* [WHAT IS REQUIRED] From the records below, please print only the lines from the one containing "Peugeot e-Legend Concept, 2018" through the one containing "Swarovski 2022 Annual", both included. Skip the pictures.

* [DATA IN THIS EXERCISE]
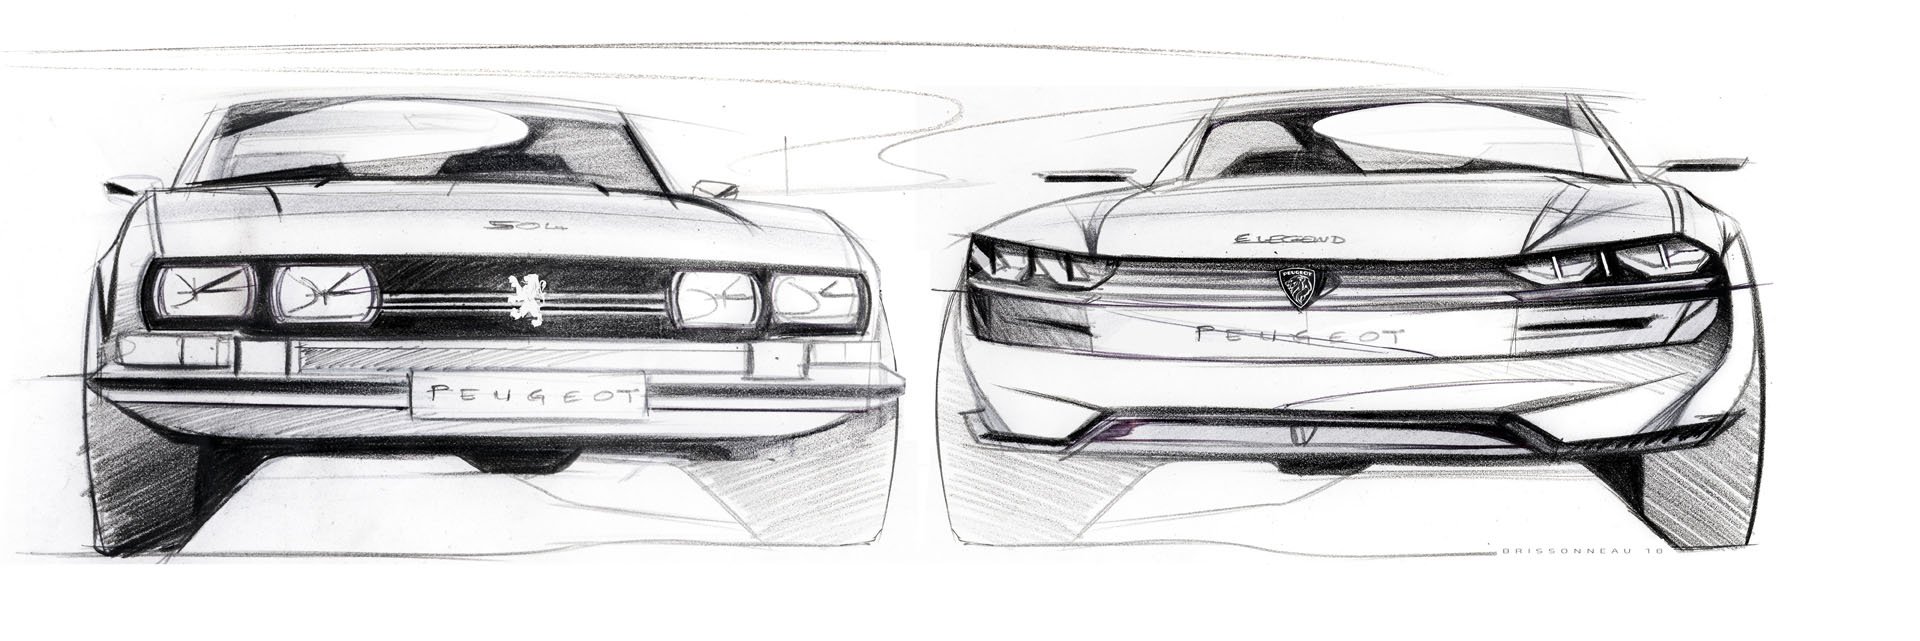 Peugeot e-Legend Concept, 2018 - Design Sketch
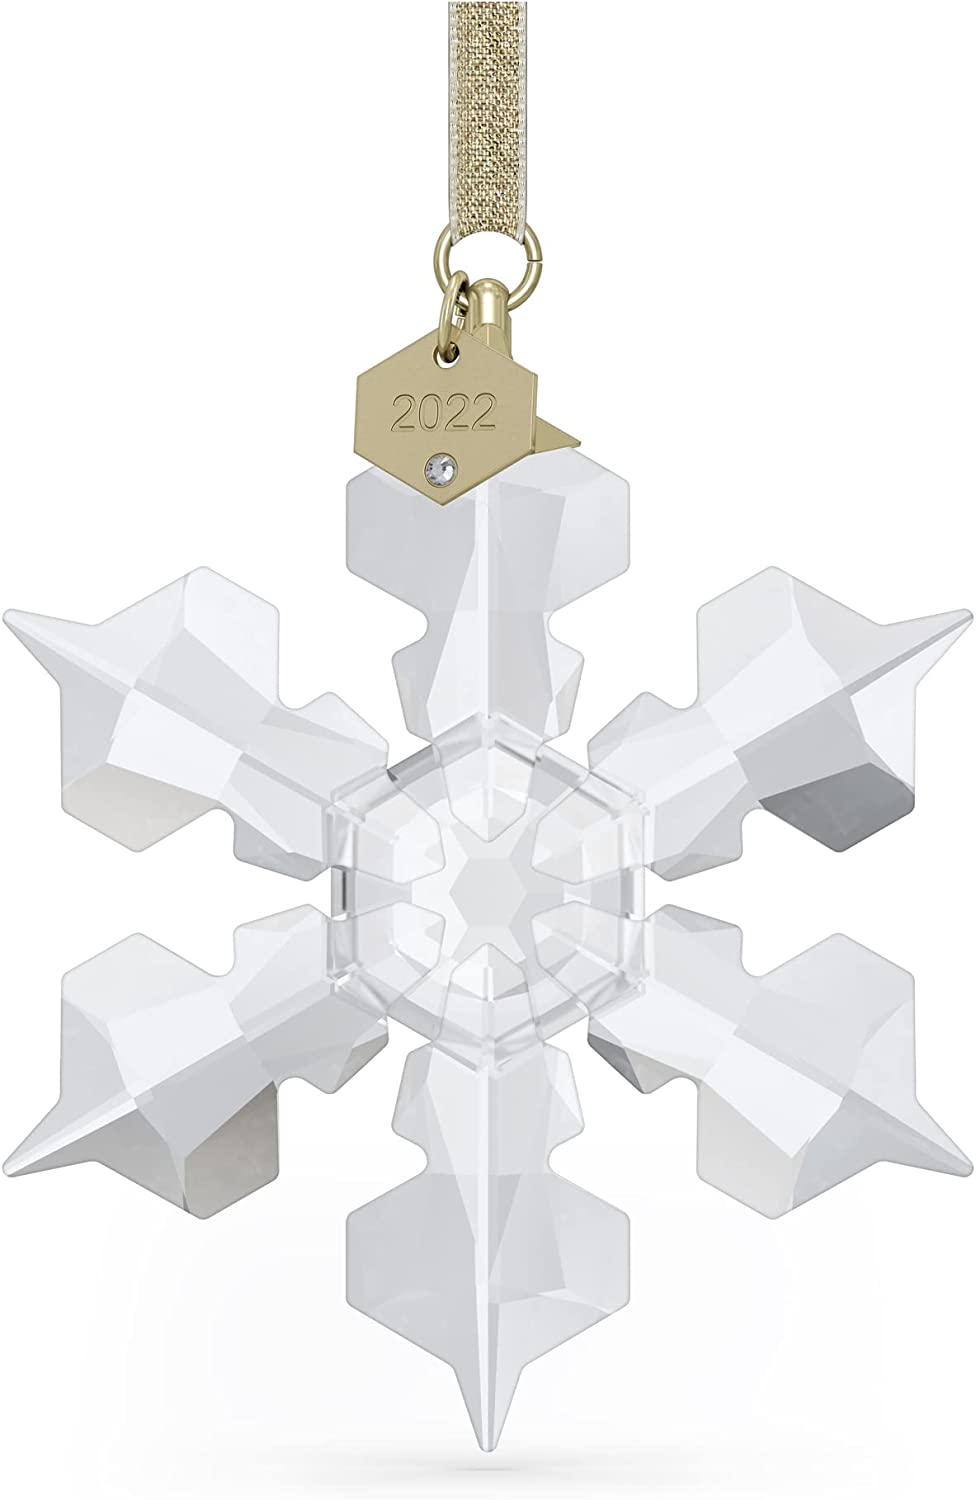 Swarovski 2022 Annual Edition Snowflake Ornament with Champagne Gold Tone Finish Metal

---

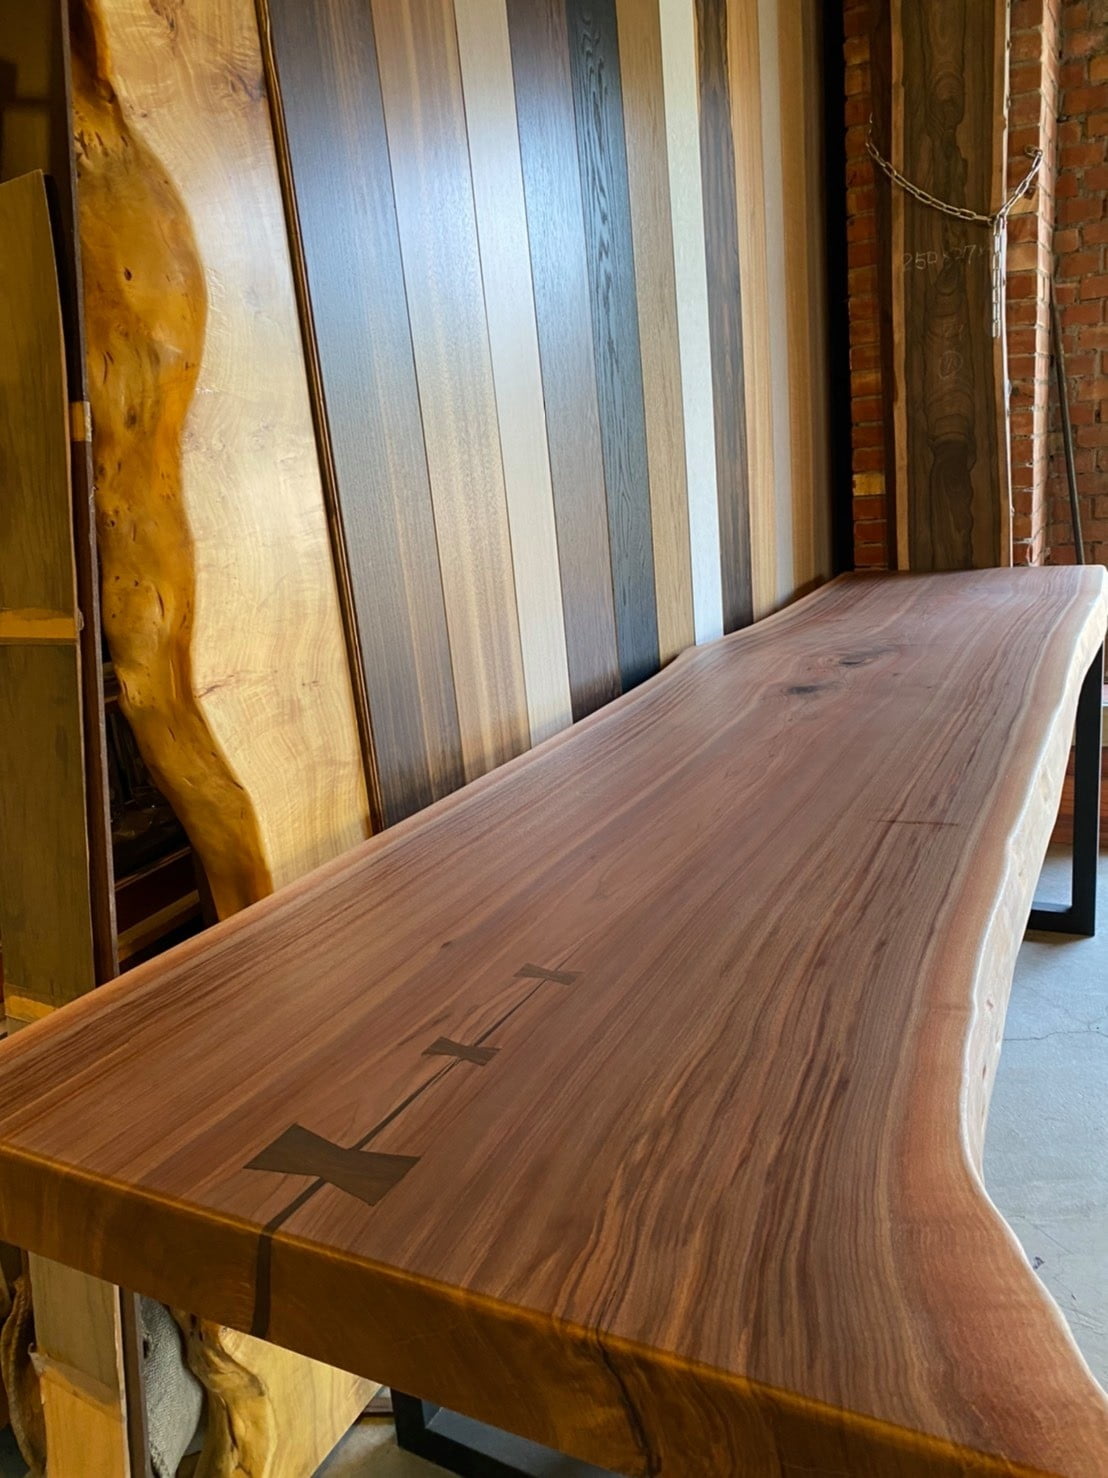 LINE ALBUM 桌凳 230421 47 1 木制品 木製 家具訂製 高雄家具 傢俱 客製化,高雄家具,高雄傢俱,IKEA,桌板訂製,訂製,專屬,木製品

...

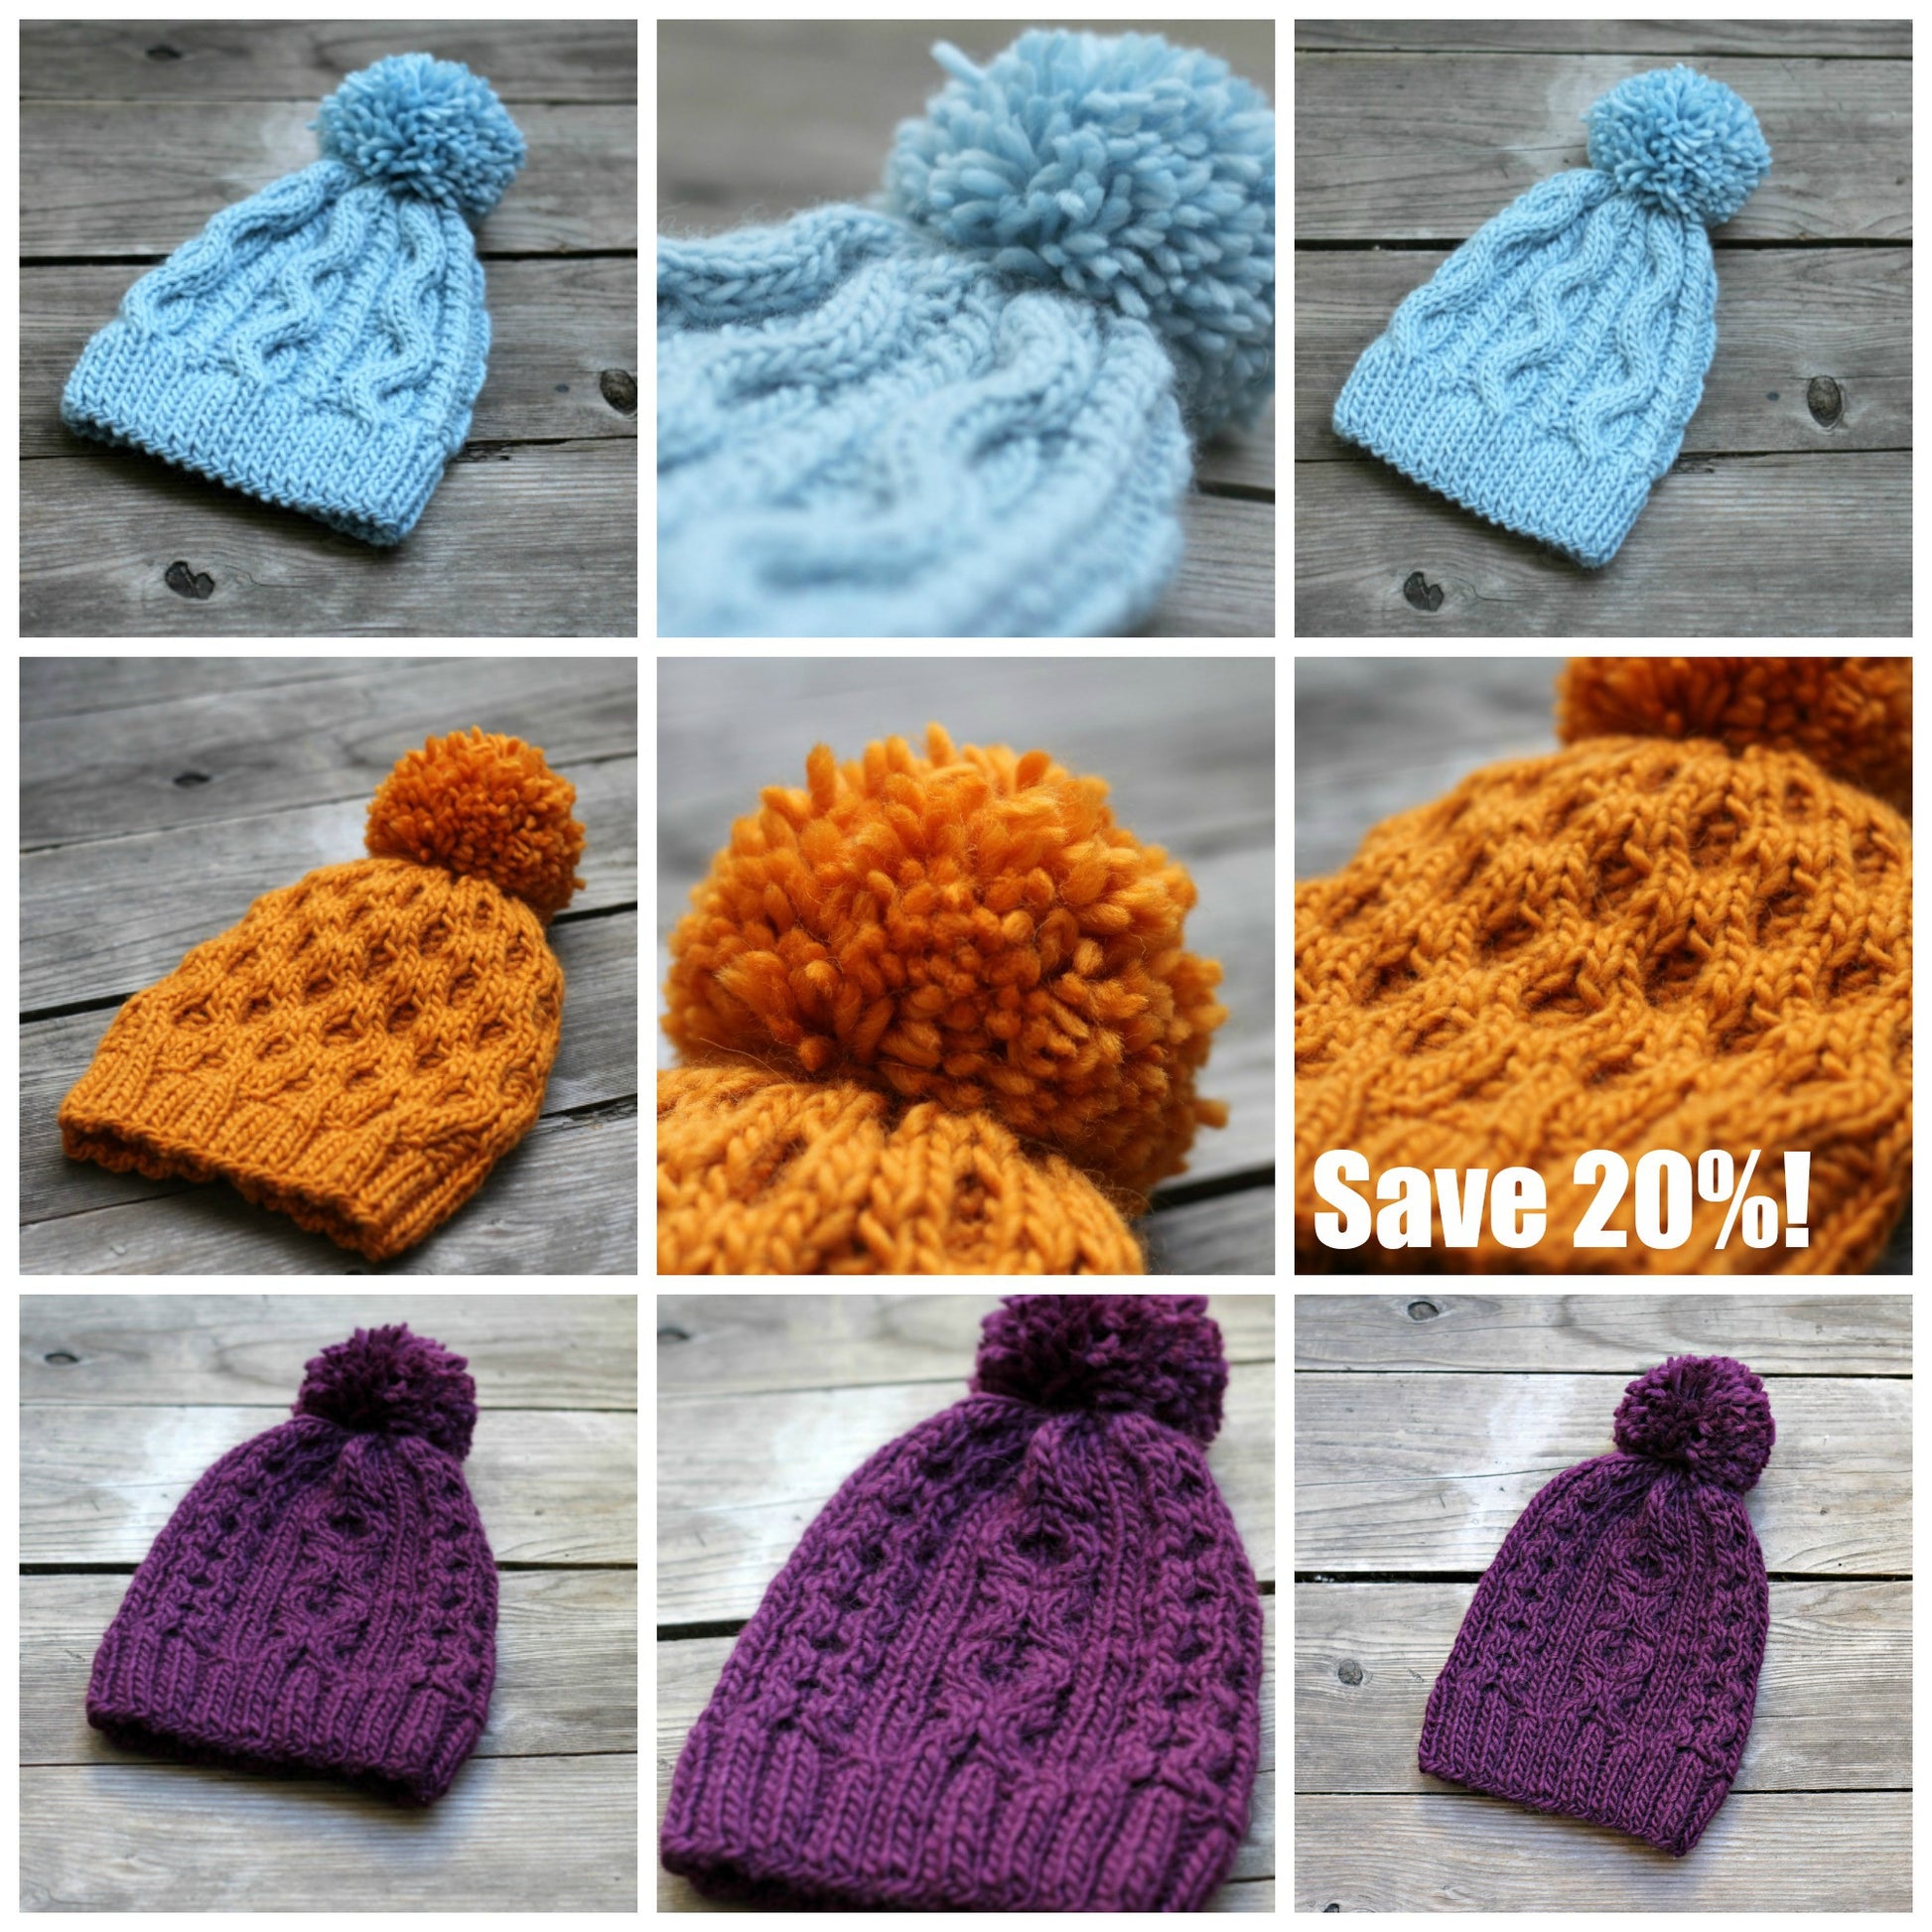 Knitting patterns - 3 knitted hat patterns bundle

* [EXPECTED ANSWER]
 Peugeot e-Legend Concept, 2018 - Design Sketch
 Swarovski 2022 Annual Edition Snowflake Ornament with Champagne Gold Tone Finish Metal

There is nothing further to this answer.